The room is loud as we go in: bright, tight parent voices, a faucet running, a brief wail. The entry way is a maze of bodies and backpacks. We wait as other kids find their, as yet unfamiliar, cubbies and parents crouch beside them, phones out to take iconic first-day of school pictures.
I fumble in my canvas bag for my camera, squeeze the plastic tab and slide it along the nylon cord opening the camera bag. No cell phone, and my camera seems oddly out of place. It doesn’t matter, because my girl is turning her face away with a frown, her butt-length blond hair falling over her face despite the plum colored sequined headband.
“OK,” I give up on the picture. “Let’s wash hands.”
She hops up the gray wooden steps at the side of the sink, turns on the water, rubs with soap, rinses. She pushes me out of the way as I reach to hand her a paper towel.
Laurie welcomes her to the room. She points out the sand table, and even as I wonder if K will choose to play with coarse sand and brightly colored tools and cups I point out the mound of giant Legos on the next table. I see “The Kissing Hand” in the book rack behind the primary color alphabet rug, a book we’ve been reading at bedtime all week.

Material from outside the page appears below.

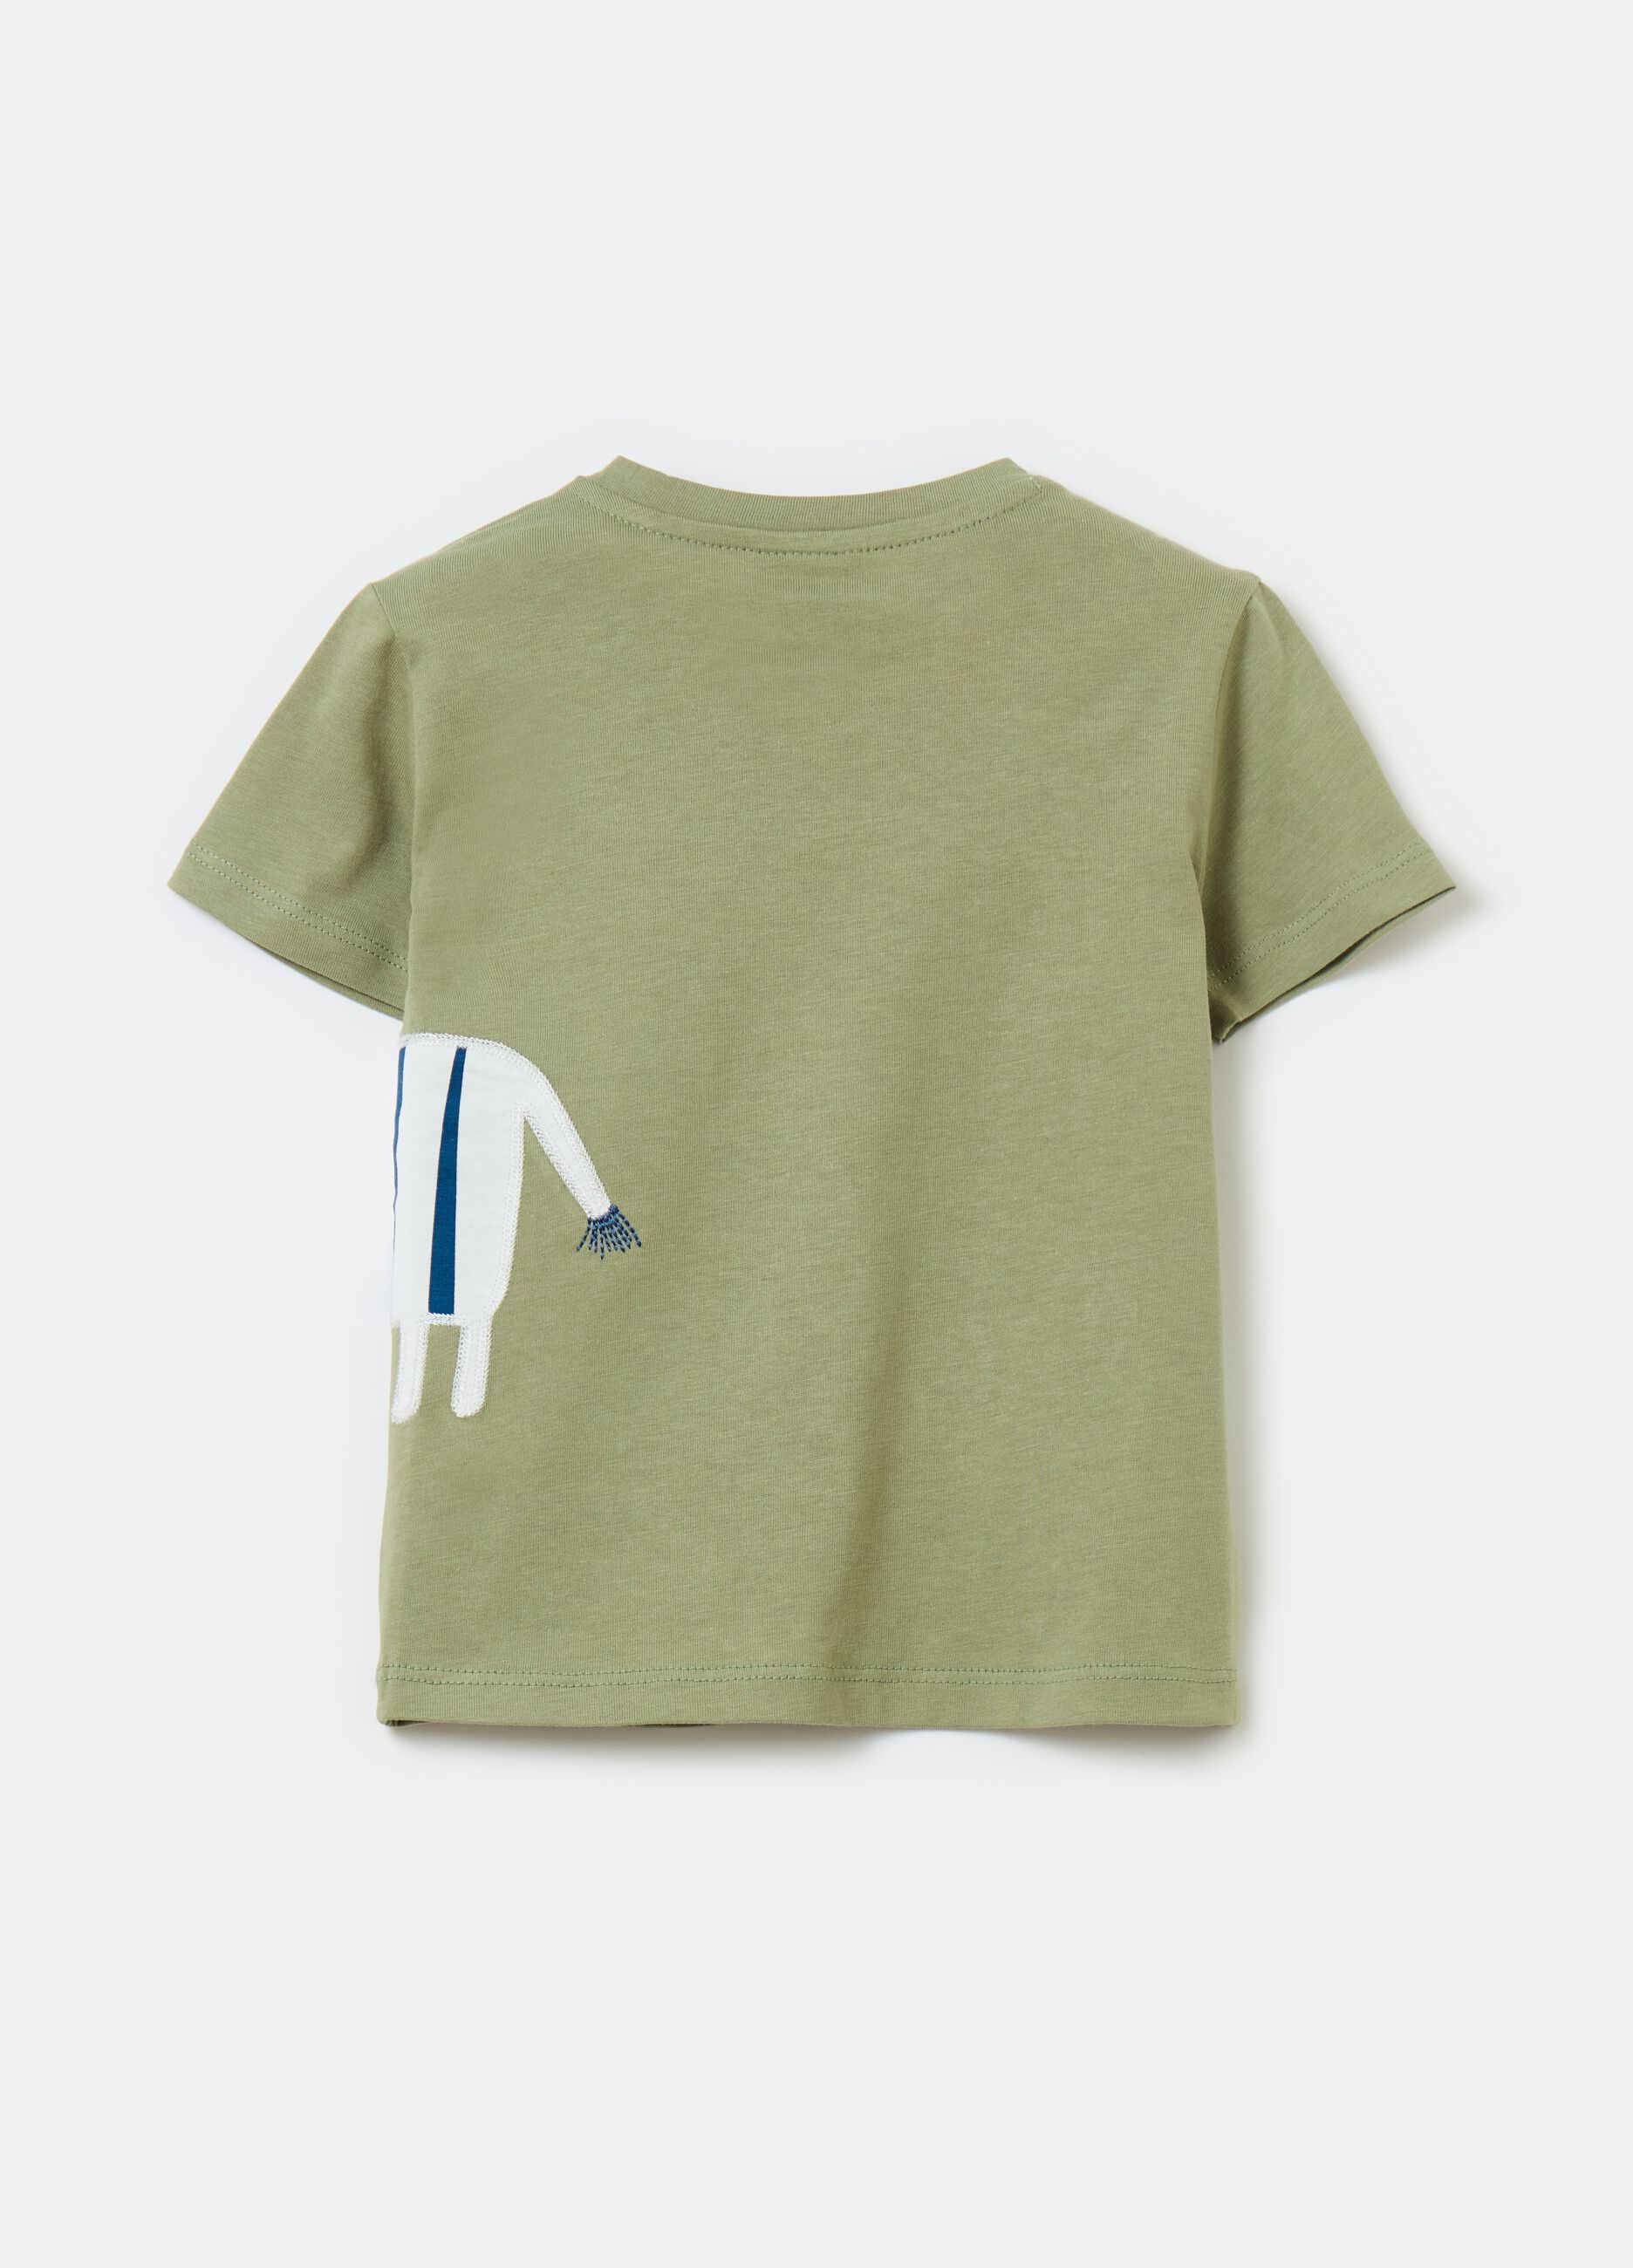 Camiseta de algodón con bordado y parche cebra

Teachers sway through the crowd, bending to say a welcome or offer an activity. Parents hover and hug and wonder when to leave.
I’m behind Kathleen, surveying the room over her head, as we hover between entryway and the room proper. Her hand—so soft, so small—slides into mine as we enter the room, uncertain at first, and then insistent, tugging as she sees where she wants to go. I wend through waist-high people following her lead.

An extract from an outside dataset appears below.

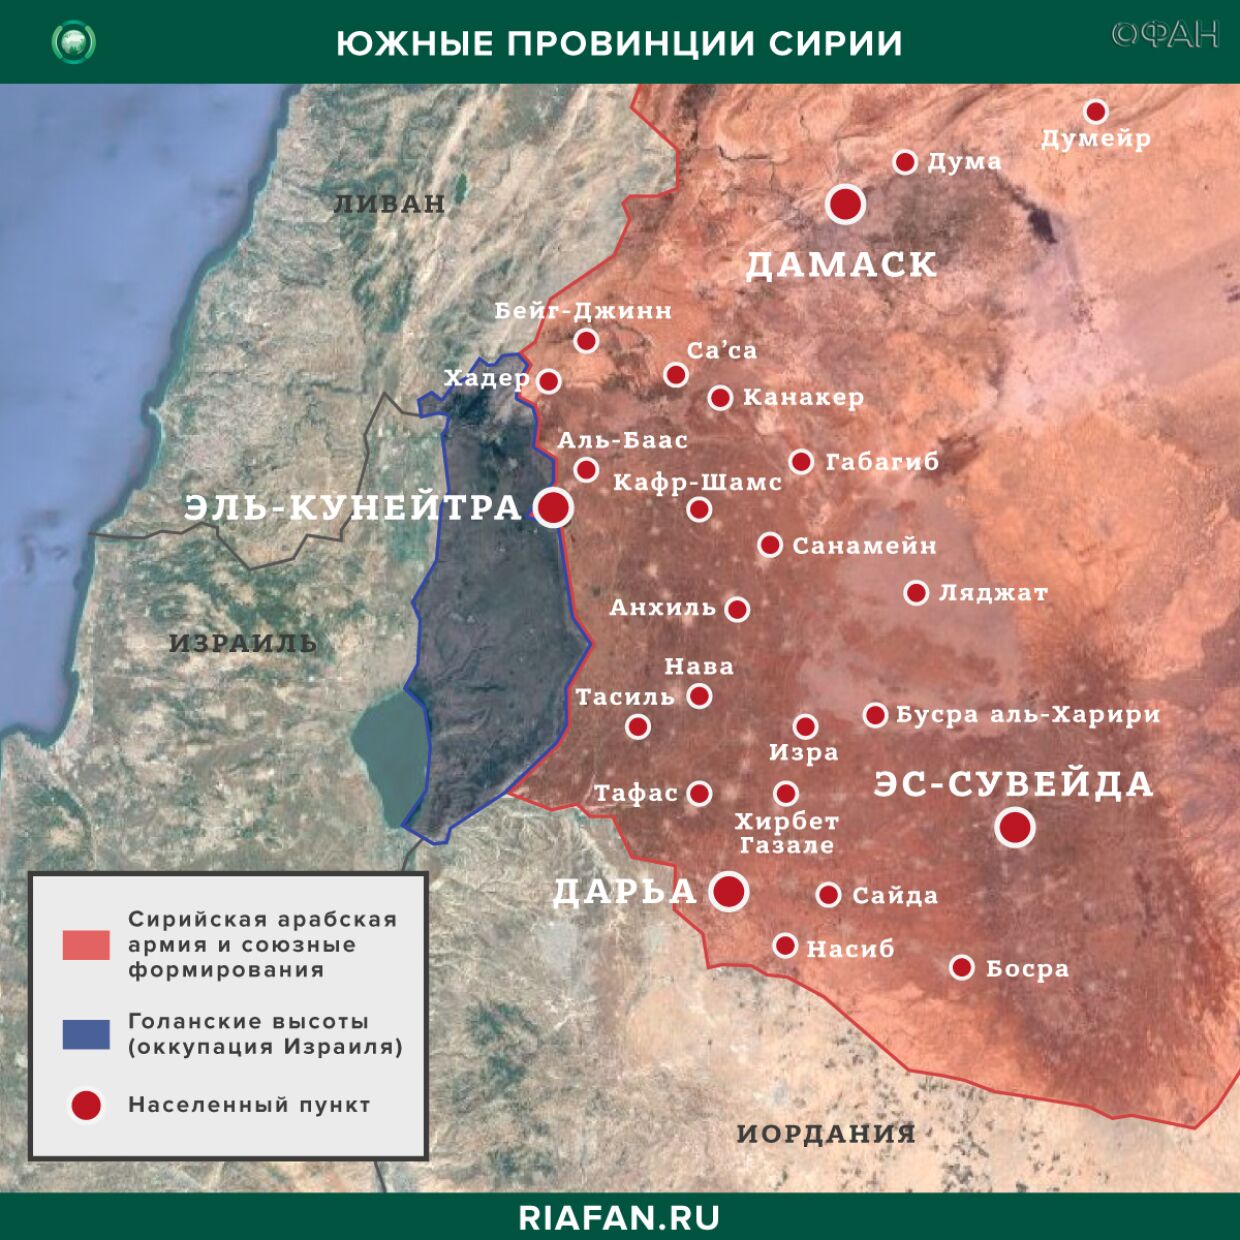 叙利亚新闻 31 七月 22.30: 土耳其的盟友炮击了哈萨卡的一个村庄, HTS 袭击了伊德利卜的 SAA

Kathleen pulls a puzzle—multicolored hot air balloons—off a shelf, plops down on the low-pile rug, and dumps it out. She starts trying pieces and I try to refrain from putting my hands on them to shift them, refrain from telling her where they go. But one of my hands, large next to hers, nails short, slips the first piece into place as she starts to pull it away. Then she gets it and the rest of the picture comes together quickly.

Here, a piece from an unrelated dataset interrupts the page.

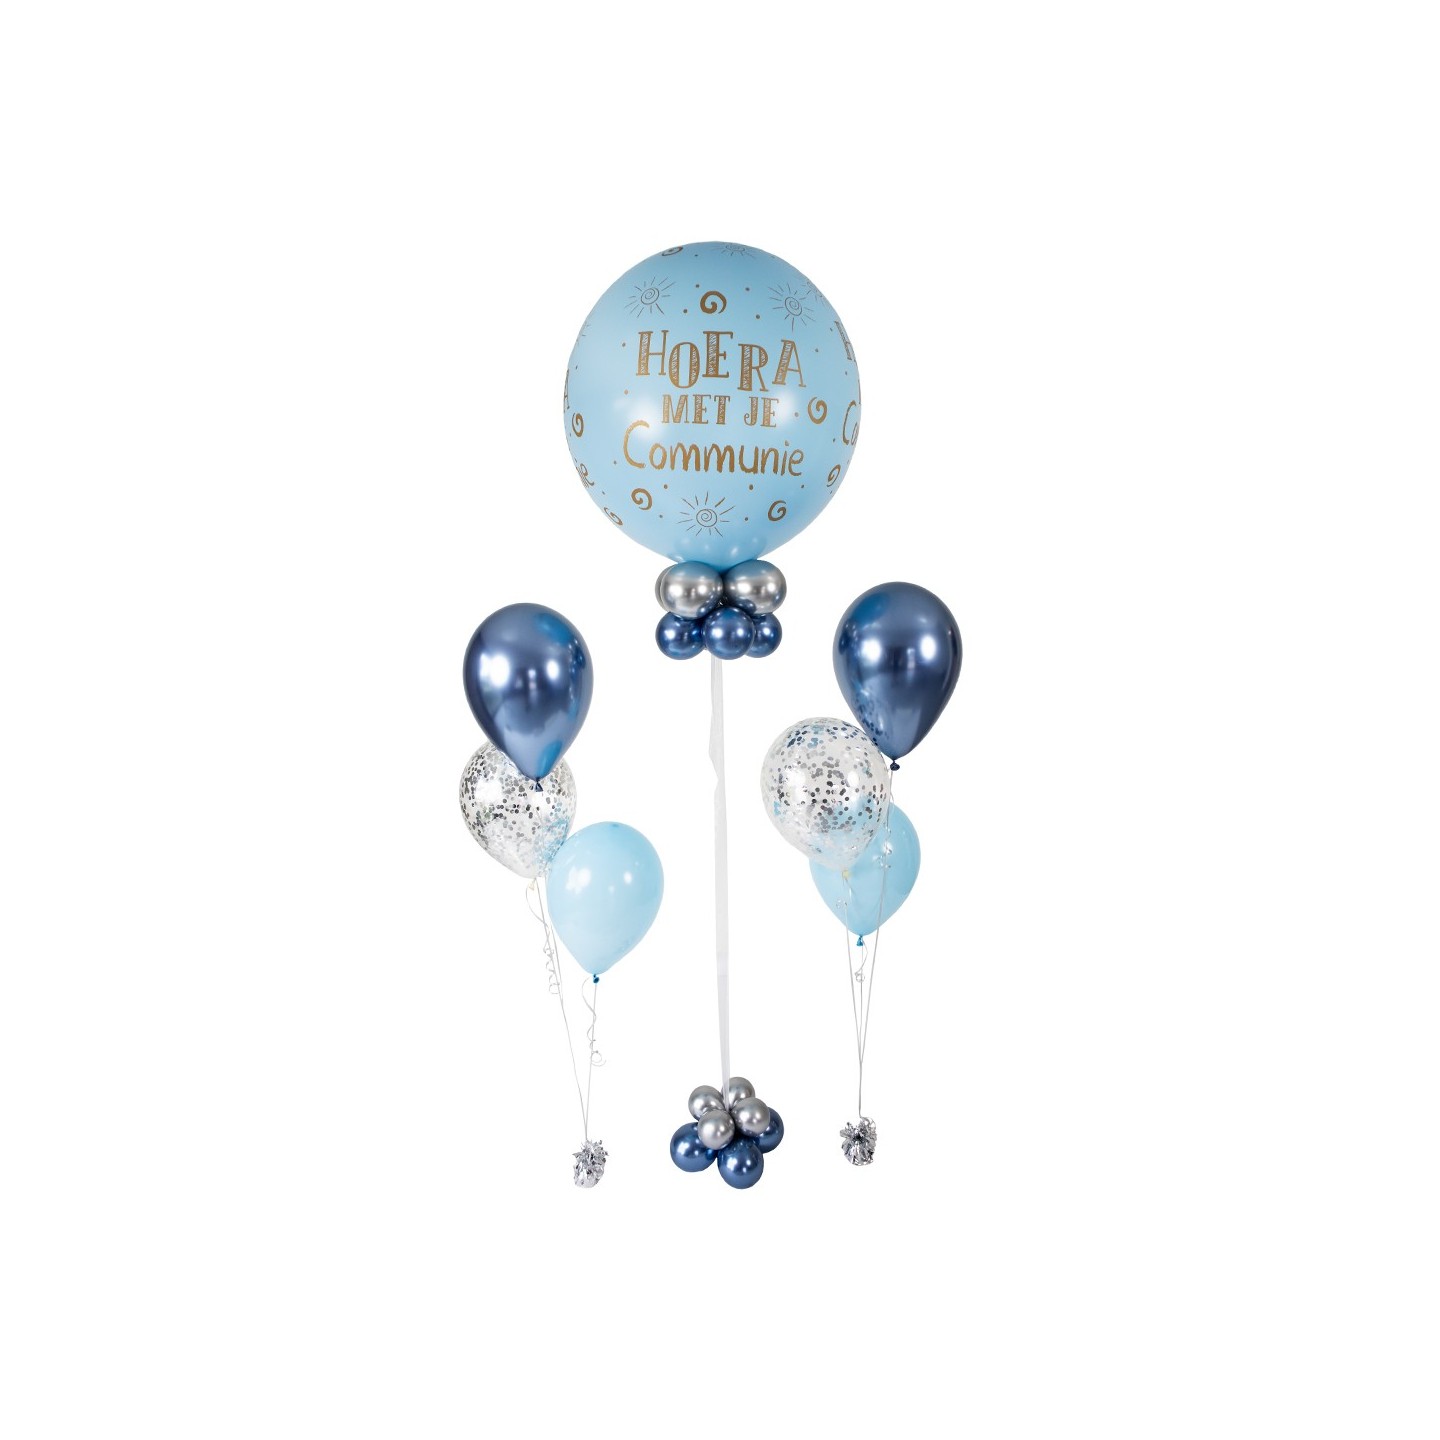 Ballondecoratie communie ballonnen tros blauw boeket

Without a word to me, she puts the puzzle back on the shelf and pulls down another. “I guess I’ll go now. Dad will be here in a little while to pick you up. I love you.” She keeps working on her puzzle, as I hug her, her hair silky, the tulle layers on her skirt scratchy. I’m not even sure she said bye, this girl of mine who wouldn’t let me leave the house for a run or to work for two hours without a hug and a kiss.
I make my way back through the little people exploring this new place, back to the entryway where the crowd has thinned, the cubbies filled mostly with backpacks and sweatshirts. I pause for a moment, glance back, and then step out of the room, up the stairs, out into the bright September sun.
When I get back in my car, it’s quiet. Three hours to wait and wonder what happened during the rest of the first day of school.
Write with Me:
I wrote yesterday about the first day of kindergarten, but poking around in my files, I found this description of the first day of preschool. What a change for my daughter.
Did you send one of your kids off to school recently? Do you remember one of your first days in particular? Describe that experience.